YOUR GOAL:
Could you restate the data word for word and drop the pictures?

INFORMATION SUPPLIED START

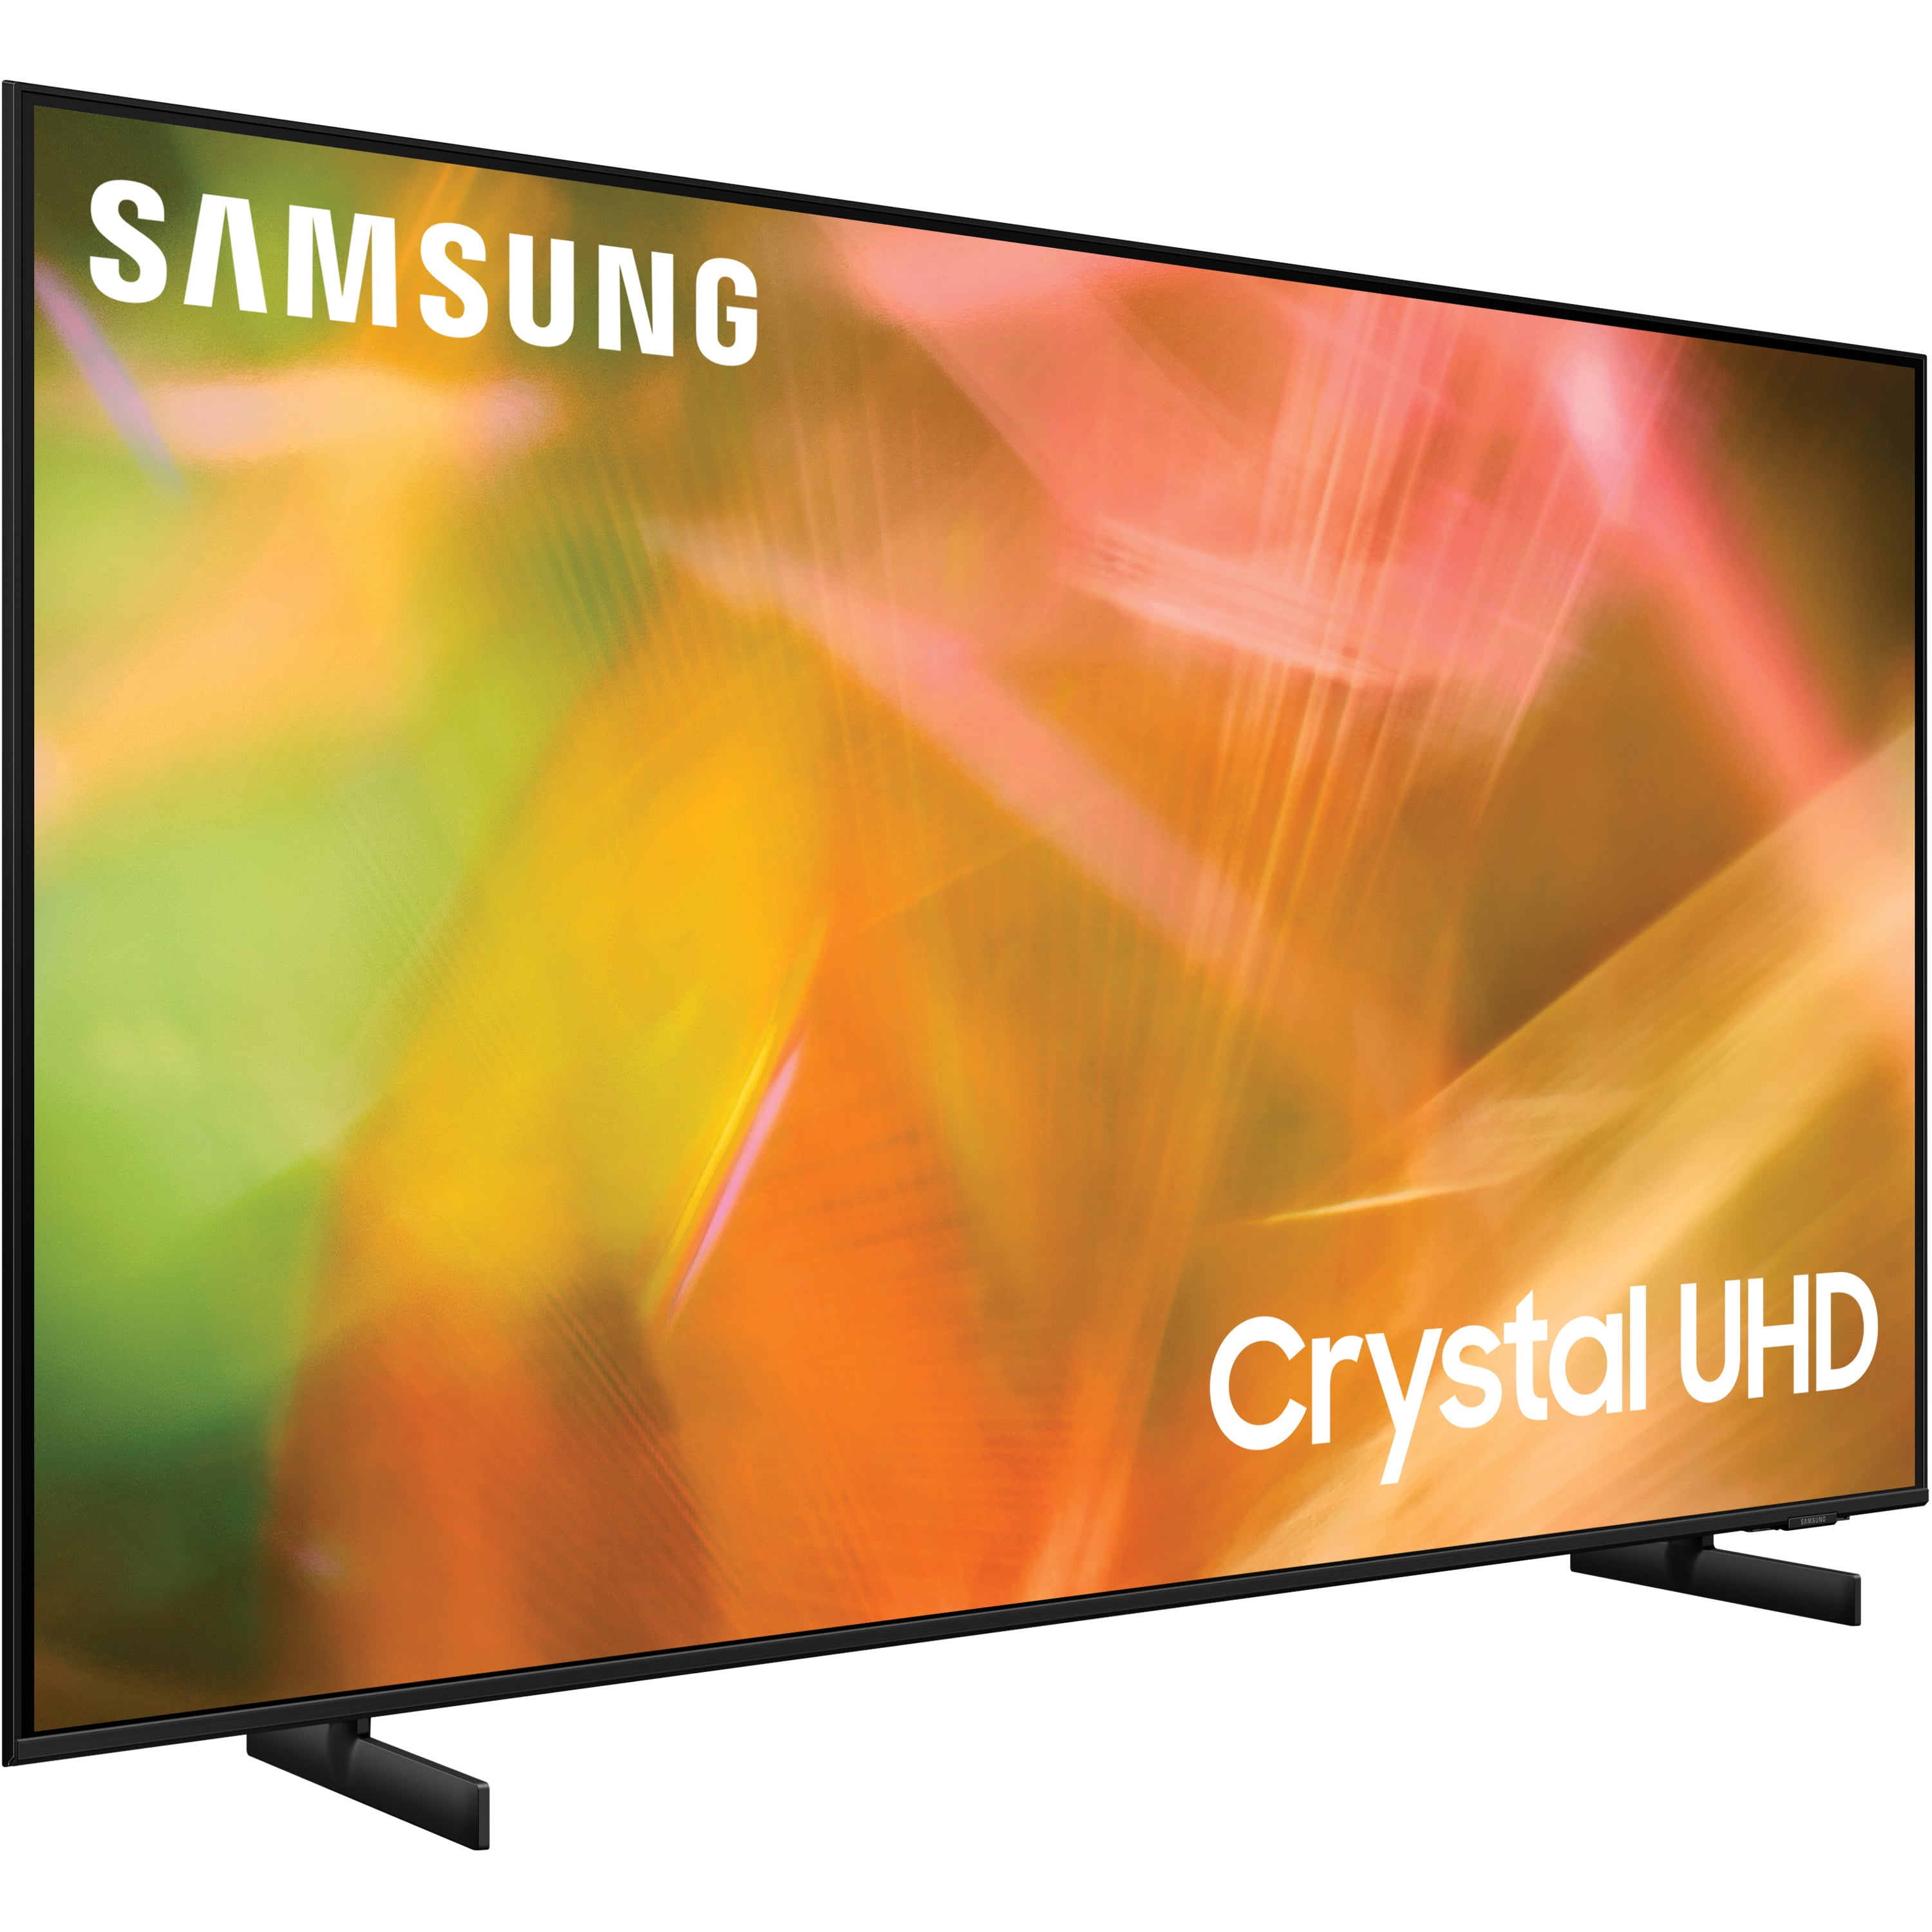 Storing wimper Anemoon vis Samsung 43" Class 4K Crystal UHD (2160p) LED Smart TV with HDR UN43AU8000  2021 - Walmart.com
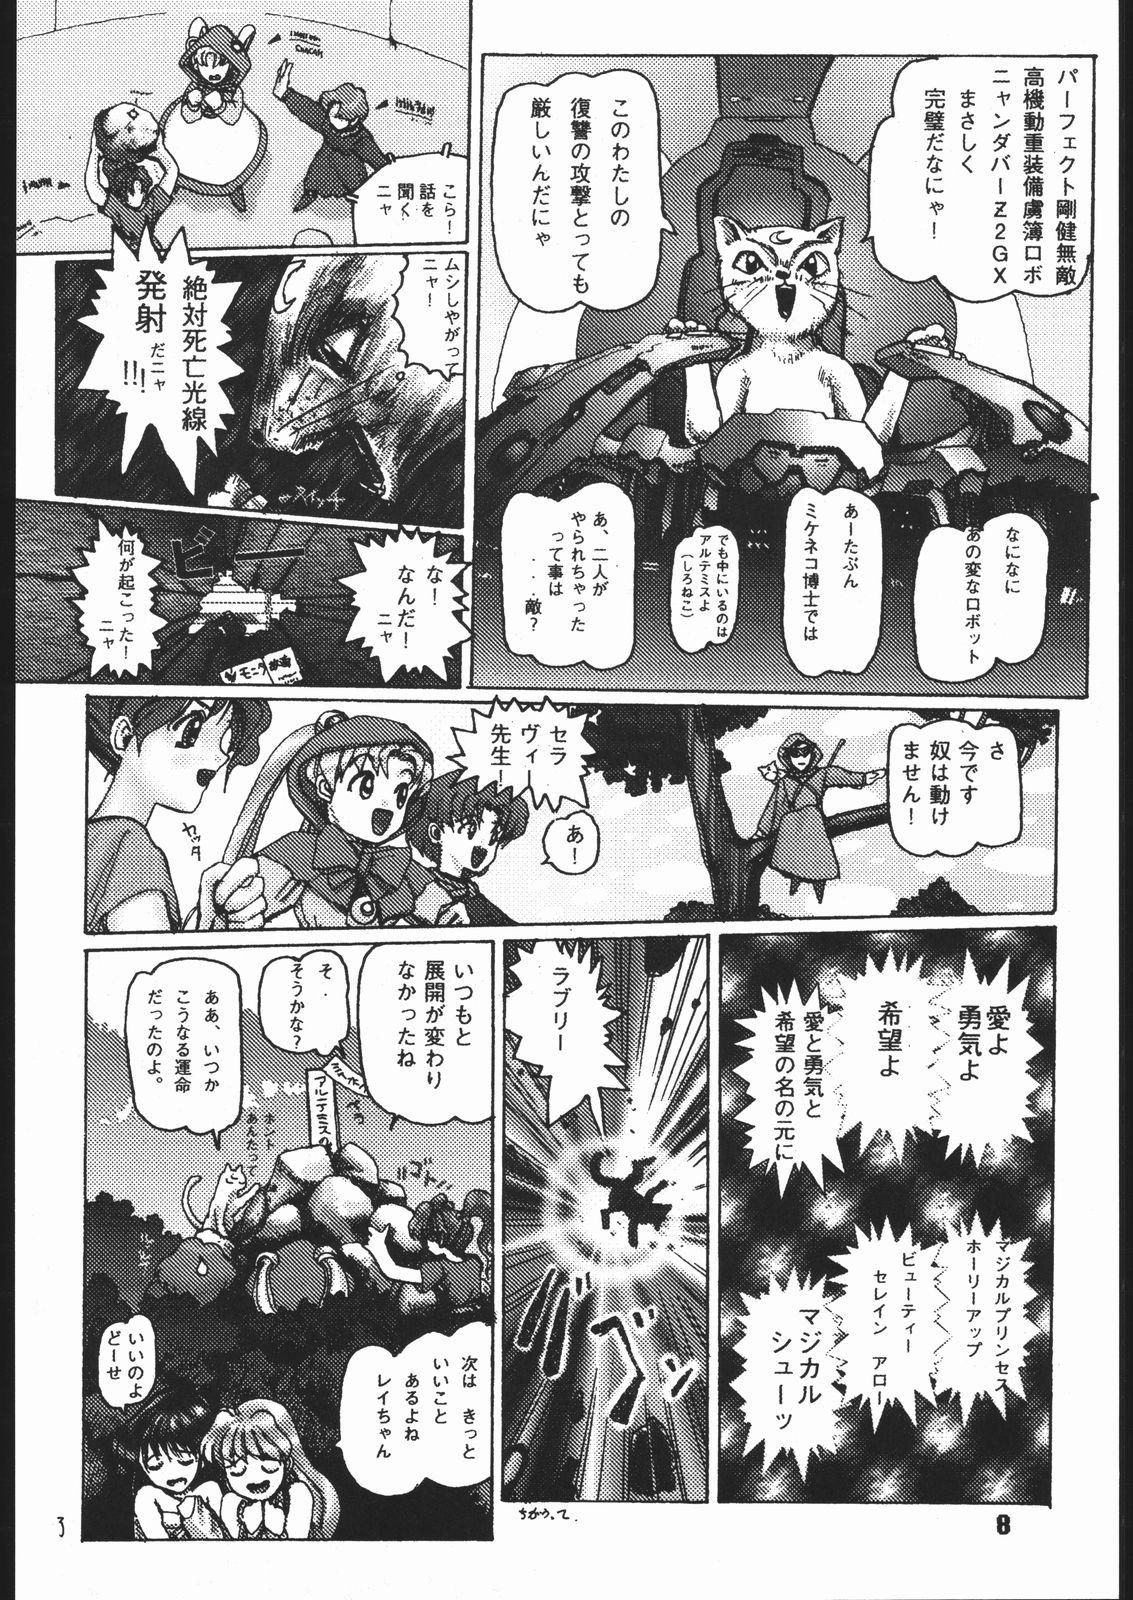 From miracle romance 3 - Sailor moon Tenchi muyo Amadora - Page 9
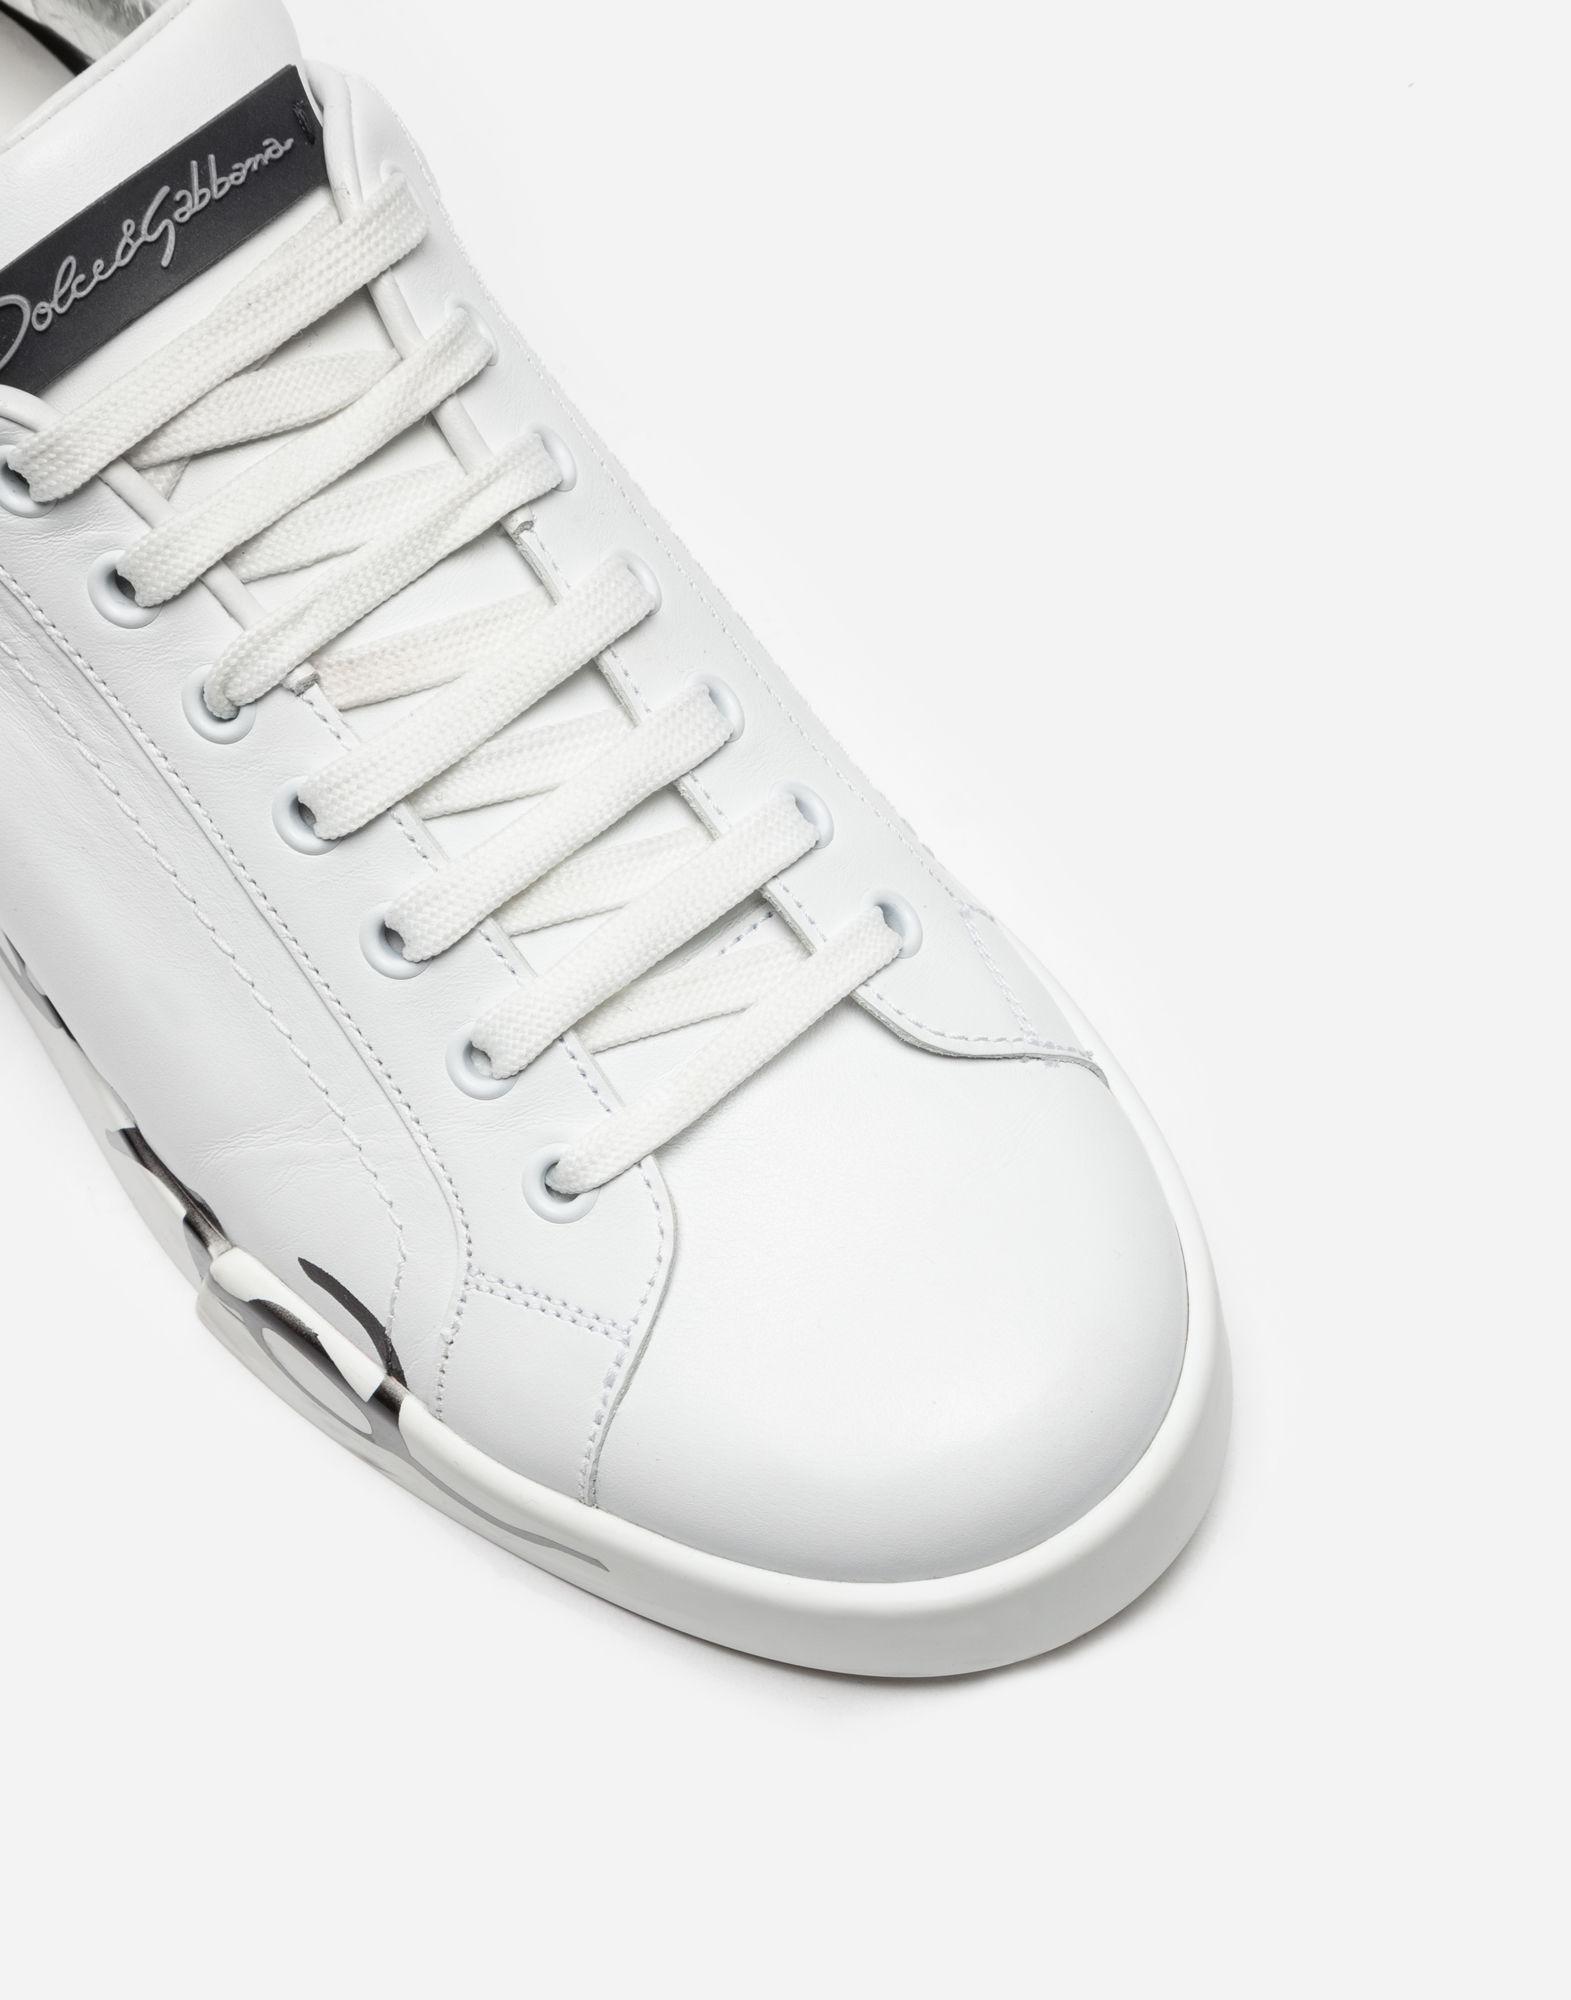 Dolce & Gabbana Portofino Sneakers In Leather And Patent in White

INFORMATION SUPPLIED END

ANSWER TO THIS TASK:
 Storing wimper Anemoon vis Samsung 43" Class 4K Crystal UHD (2160p) LED Smart TV with HDR UN43AU8000  2021 - Walmart.com
 From miracle romance 3 - Sailor moon Tenchi muyo Amadora - Page 9
 Dolce & Gabbana Portofino Sneakers In Leather And Patent in White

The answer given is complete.